Digital Assets and Registered Exchanges Bill, 2020 to Provide Legal Framework to Regulate Issuance and Sale of Digital Assets

Thu, Nov 5th 2020, 09:00 PM

Deputy Prime Minister and Minister of Finance the Hon. K. Peter Turnquest explained that the Digital Assets and Registered Exchanges Bill, 2020 (DARE Bill) will provide the legal framework to regulate the issuance and sale of digital assets, or cryptoassets, including digital tokens.

“Furthermore, it sets the legal framework for the regulation of digital asset businesses involved in the issuance or sale of digital assets.
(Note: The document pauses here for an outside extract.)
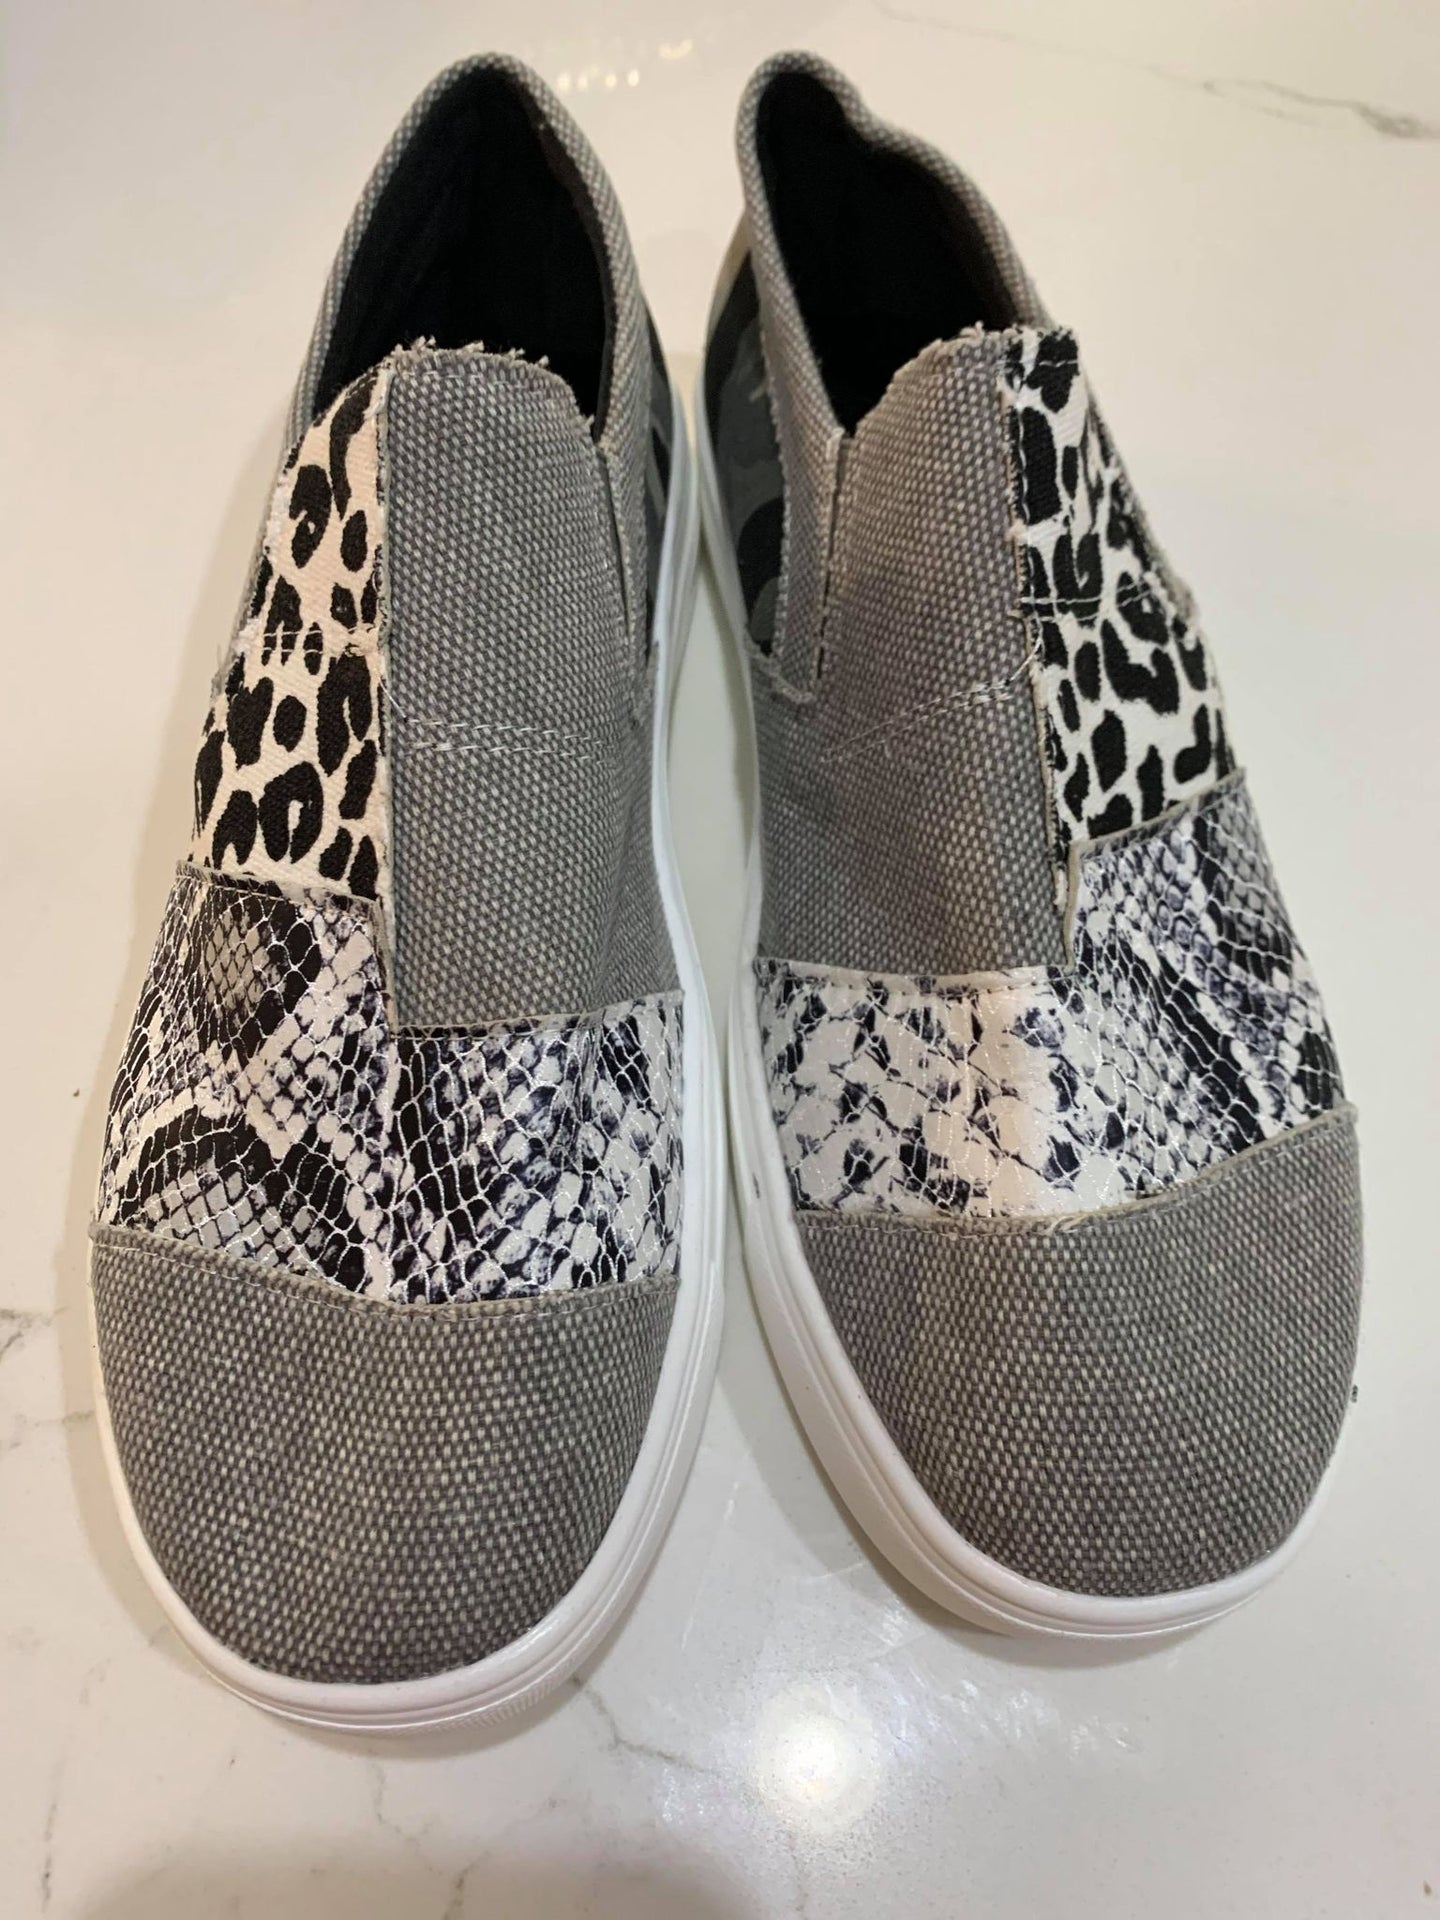 Gray Snake Leopard Mixed Print Slip-on Canvas Slip on Shoes
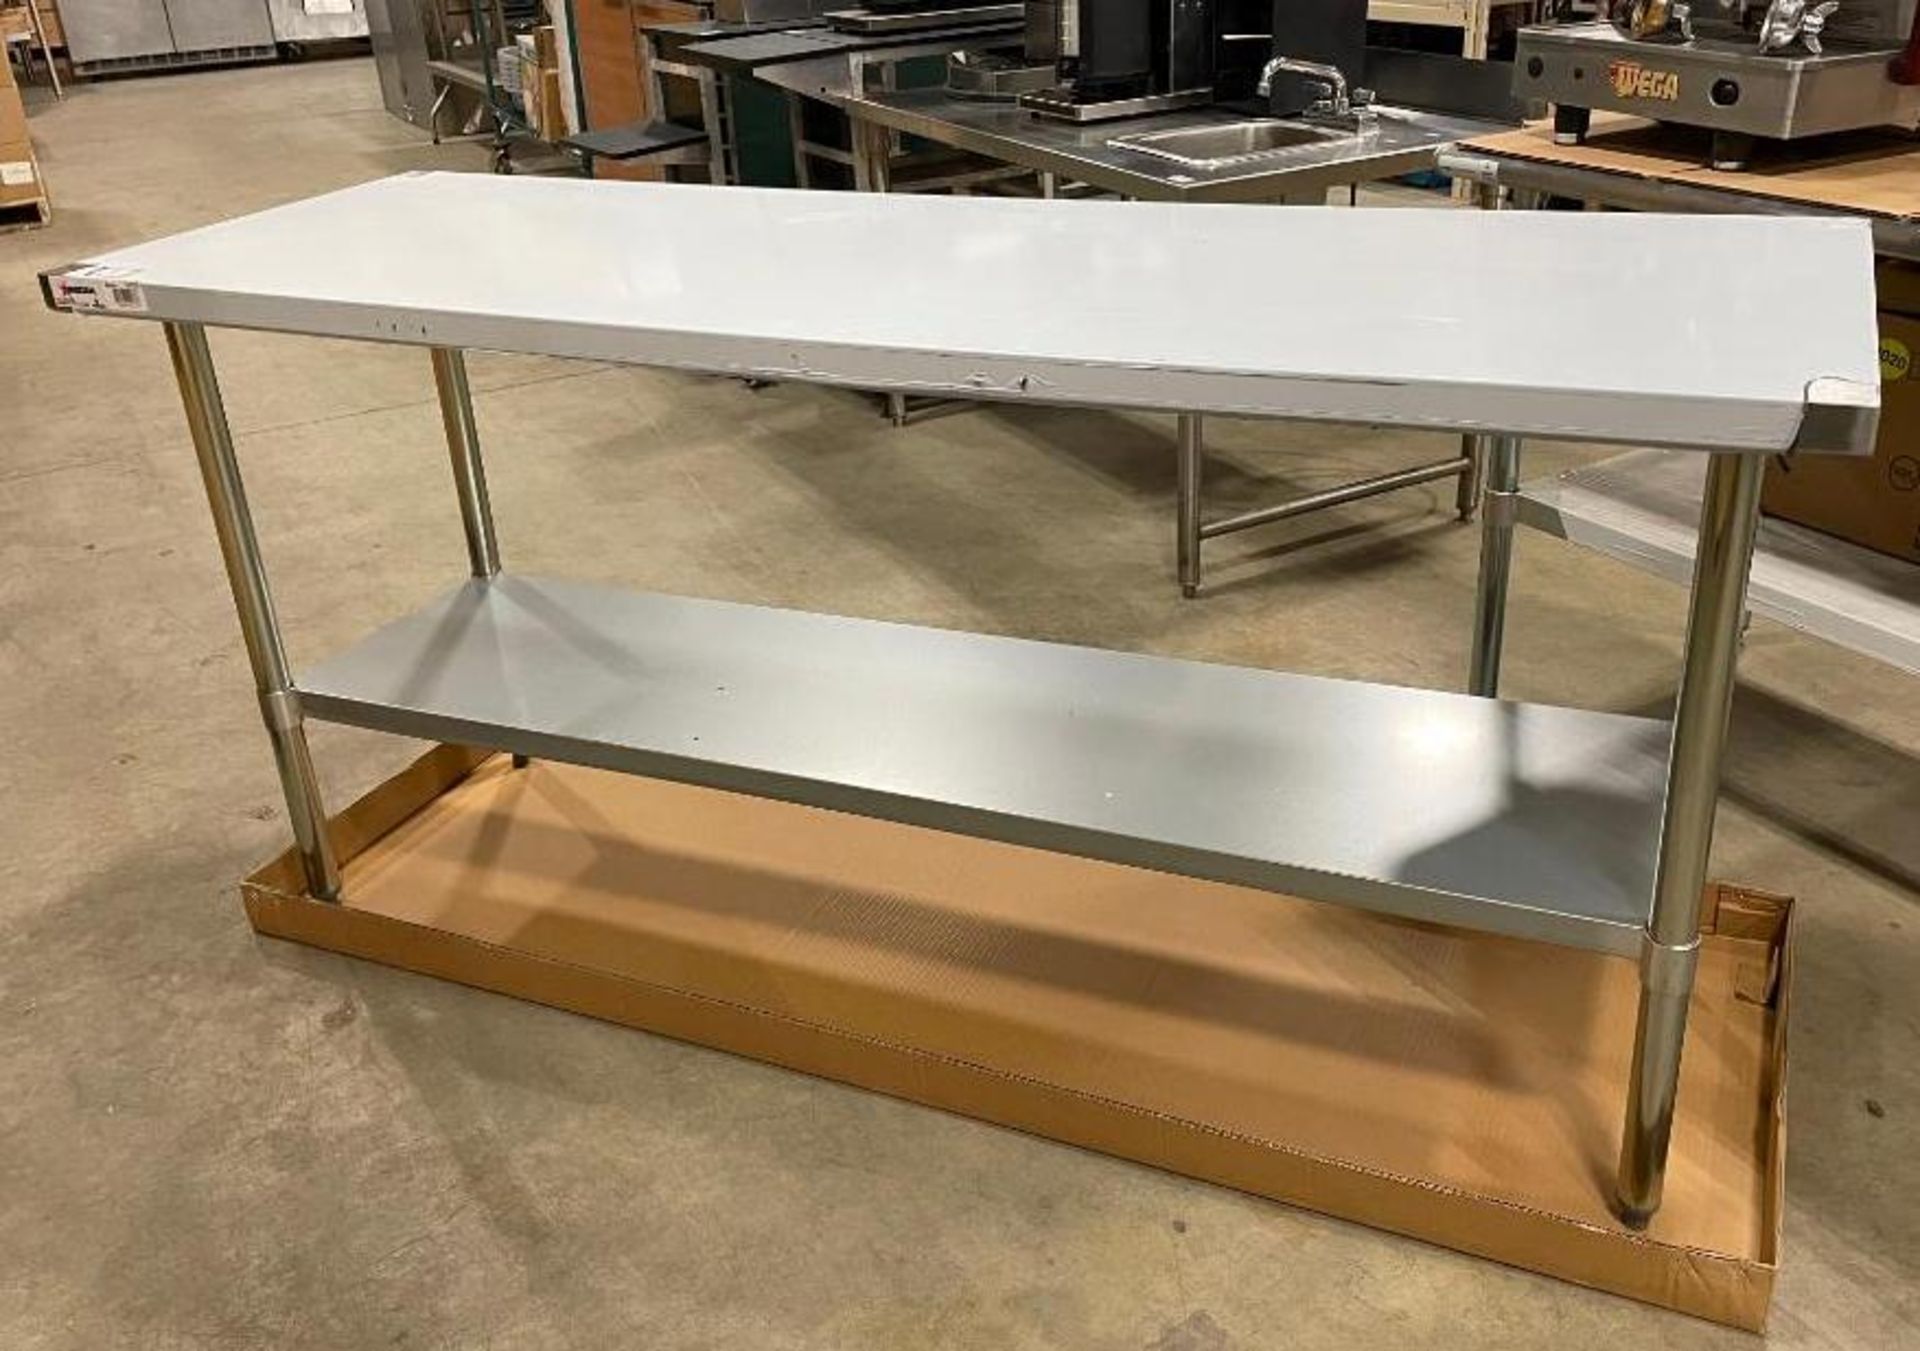 NEW 72" X 24" STAINLESS STEEL WORK TABLE

These digital assets businesses include digital token exchanges and distributed ledger technology platforms,” DPM Turnquest stated as he introduced the Bill in the House of Assembly on Wednesday, November 4, 2020.

He said in providing the requisite legal certainty, including by providing a legal definition for digital assets and stipulating licencing and registration requirements, it lays the framework for the establishment of an industry, and for ensuing investment, entrepreneurial and employment opportunities, within a well-regulated environment.

The DPM stated that the Bill was designed to meet the compliance objectives of international standards-setting organisations, such as the Financial Action Task Force, with regard to anti-money laundering and countering terrorism financing measures in particular, as well as the relevant principles of the International Organization of Securities Commission. It lays the ground work for, and introduces sound investor protection standards.

He noted that the Commission performed extensive benchmarking in the development of the DARE Bill. The regulatory and legal frameworks of a number of jurisdictions were examined. These included, but were not limited to Bermuda, Gibraltar, Hong Kong, Ireland, Luxembourg, Malta, Singapore, Switzerland and the United States.

DPM Turnquest explained that these jurisdictions have taken different approaches to many aspects of the regulation and oversight of digital assets business.

He added that this Bill incorporates the best practices and the most suitable standards for this jurisdiction to provide a strong, inviting regulatory environment for participants in a manner that was safe for investors and consistent with best practices and standards.

The DPM said importantly, in providing definitions for digital assets, digital assets business and digital assets service providers, the Bill sets out the Commission’s conceptual framework and policy.

“In the process, the Commission carved out the unique regulatory space for digital assets business outside of the regulatory space of securities and securities business. This is a critical policy component, demanded by potential industry participants.”

He explained that the Bill provides legal definitions and provides registration and other requirements for digital tokens, digital token exchanges, Distributed Ledger Technology (or DLT), such as blockchain, DLT Platforms, token offerings, utility tokens, and smart contracts among other things.

DPM Turnquest said, “While the Bill defines such terms and activities and technologies, it does so with the purpose of focusing regulation on the providers of digital assets business and services. It does not seek to regulate the underlying technology itself.

“This is an important distinction, as the regulator, the Securities Commission of The Bahamas, which is celebrating its 25th anniversary this year, is quite experienced in the supervision, oversight and regulation of financial services providers. The regulatory principles, supervisory techniques and risk based approach to regulation positions the Commission to oversee these service providers.”

He stressed that importantly, the approach espoused in the legislation is in keeping with the recommendations of the Financial Action Task Force, or FATF. The DPM said, “FATF recommends that for new business lines and the introduction of products based on new technologies, that the regulatory focus is on the products and the service providers, not the technology itself. In the case of digital assets, this means the regulatory focus would be on what FATF refers to as virtual assets and the virtual assets service providers.”